State forecasts show additional money but slowing economy

GOP budget leaders Rep. Jeff Thompson, left, and Sen. Ryan Mishler, recap the revenue and economic forecasts in advance of the 2023 legislative session. photo by Whitney Downard/Indiana Capital Chronicle.
By Whitney Downard
Indiana Capital Chronicle

INDIANAPOLIS — Indiana’s days of exponential economic growth and revenues exceeding forecasts may soon be over, according to newly updated forecasts presented before the State Budget Committee Thursday.

The good news from the presentation is that lawmakers will have roughly an additional $1.6 billion to spend when they draft a new two-year state budget

But GOP leaders warn that the amount won’t cover requested agency projects and capital needs. And an economic forecast predicted a mild recession will begin in the first quarter.

“I think we need to be very cautious as we move forward,” said Bremen Republican Sen. Ryan Mishler, chairman of the Senate Appropriations Committee.

Enhanced federal funding in 2021 and 2022 designed to plug pandemic-related budget holes enabled states like Indiana to invest elsewhere, which legislators chose to partly spend on economic development grants and capital improvement projects.
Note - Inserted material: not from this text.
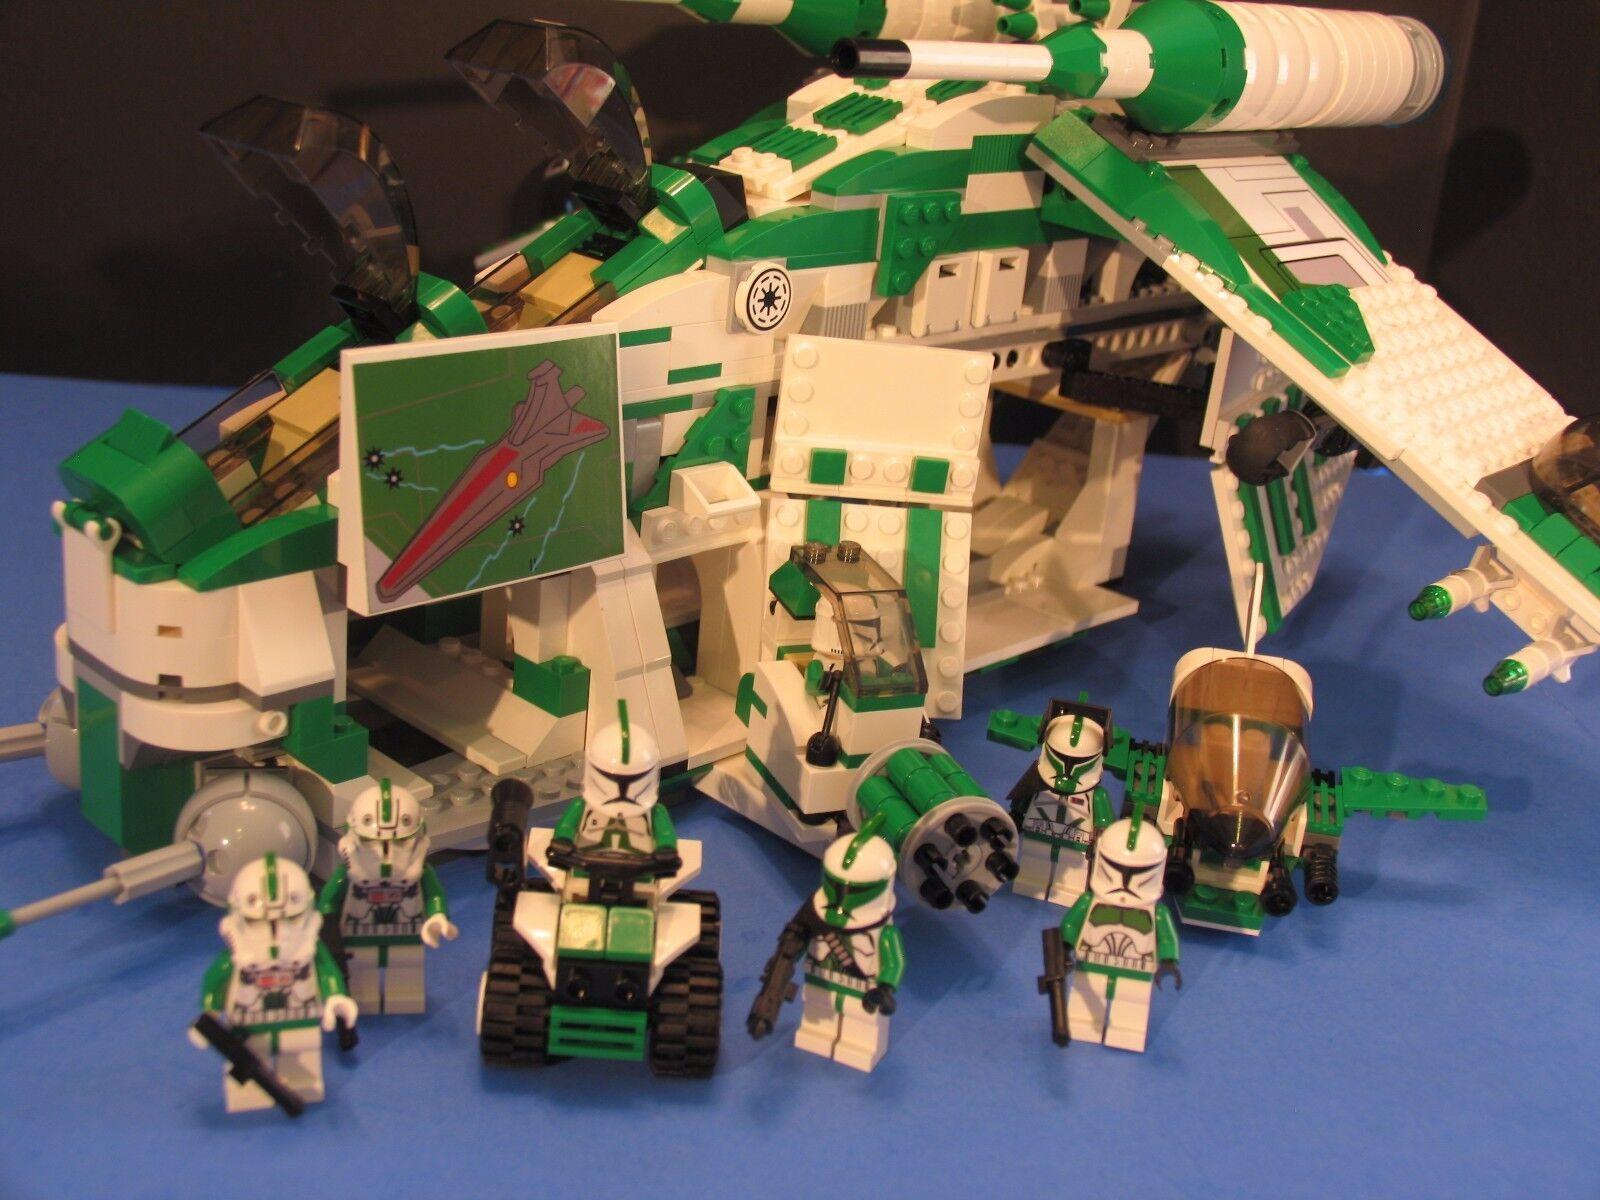 LEGO® brick STAR WARS™ DELUXE 501st LEGION CLONE TROOPER Minifigure 100/% LEGO

But 2022’s inflation rates caused those project budgets to soar, increasing the building of a northwestern prison in Westville from $400 million to $1.2 billion, for example.

Inflation also pushed state revenues higher as consumers continued buying goods and services, which padded the state’s tax collections.

Mishler said these cost overruns meant budget writers will start the process $1 billion behind even before considering special agency requests and an increase to the K-12 tuition support formula, higher education and Medicaid.

Agency asks over two weeks totaled more than $700 million, Mishler said, including state employee compensation increases. In December 2020, a 1% increase in the tuition support formula – which doesn’t guarantee a 1% increase to each school district due to enrollment declines – would cost the state roughly $75 million per year.